In operation S140, the exact location of the input data that caused the vulnerability may be tracked using the results of the static analysis and the dynamic analysis. This will be described in detail later with reference to FIG. 6.



FIG. 3 is a flowchart illustrating an operation of FIG. 2 in detail. A process of performing a dynamic analysis of the above binary to track the location of the cause of the vulnerability in the binary will be described in detail with reference to FIG. 3.


In operation S131, as the binary is executed, taint information due to external input data is recorded in a register. A method of recording the taint information in the register will be described in detail later with reference to FIGS. 4 and 5.


In operation S132, when a collision occurs during the execution of the binary, collision related information may be stored using a collision signal. For example, if a signal SGPE is generated, the cause of the collision may be “division by zero.” Therefore, the collision related information including the type and cause of the collision that occurred can be stored.
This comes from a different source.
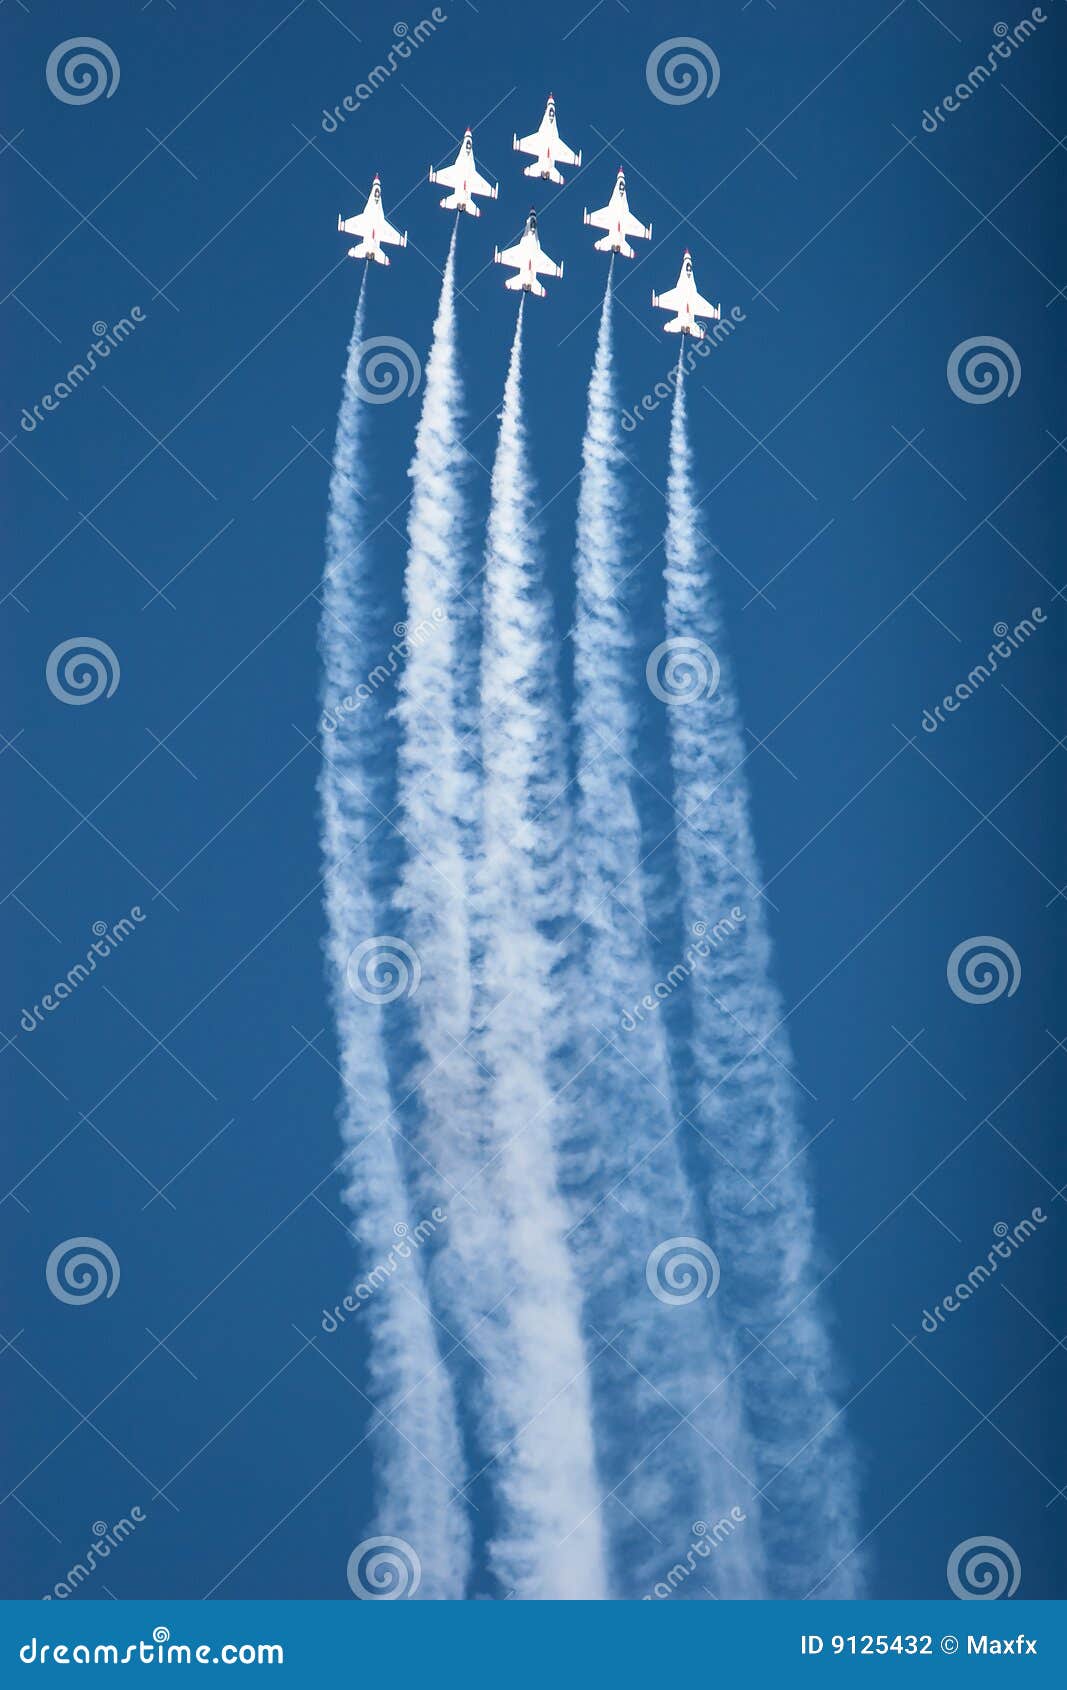 f16 thunderbird planes at airshow

In operation S133, information about operands existing in an instruction in which the collision occurred may be stored. For example, if the collision occurred in an instruction “mov ecx, ebp,” information indicating that the collision occurred in an ecx register and an ebp register may be stored.


The stored collision related information and information about operands existing in the instruction in which the collision occurred may be used to select a target register, in which the location of input data that caused the collision is to be tracked, according to the type of the collision. This will be described in detail later with reference to FIG. 6.



FIG. 4 is a flowchart illustrating a method of generating taint information for a register of an operand in order to track the location of the cause of a binary vulnerability.


The method of generating taint information for a register of an operand may be, for example, a method of adding new taint information for the register of the operand or a method of modifying and updating existing taint information of the register of the operand. In addition, according to an embodiment, taint information may not be generated. Generated taint information may be stored in a separate database.


In operation S200, taint information for a register may be generated based on a different standard according to whether the type of an operand in which the register is used is a source operand or a destination operand.


First, a case where a target register whose taint information is to be generated is used in the source operand will be described.


If an instruction including an operator of a first operand register is included in a main function and a source operand of the operator has an address value in a relative addressing mode that uses ebp as a base in operation S221, first taint information may be added for the first operand register indicating the address value in operation S223.


For example, argc, which is a first argument of the main function, may be stored in an [ebp+8] address. In this case, the first operand register may be [ebp+8], and the first taint information storing information about argc may be added for [ebp+8].


In addition, if the first operand register is eax and an operator existing immediately before an operator in which a first operand is used is an operator that calls a function in operation S222, the first taint information may be added for the first operand in operation S223 if the called function is a function related to an external input value.


For example, if the called function is a function that receives an input value from a user through a scanf( ) function and returns data in which the input value is used, eax in which the returned data is stored may be the first operand register, and the first taint information that stores information about the input value received from the user may be added for the first operand register.


In operation S224, if the target register is not the first operand register, it is identified whether the target register was used in an operator before a first operator in which the first operand is used.


If it is identified in operation S224 that there is a second operator in which the target register was used, taint information of the target register used as an operand of the second operator may be used. In this case, the target register may be a second operand register, and, to generate second taint information, the same register as the target register used in the second operator may be used as the first operand register, and taint information of the first operand may be used as the first taint information. Therefore, the second taint information may be generated using the first taint information.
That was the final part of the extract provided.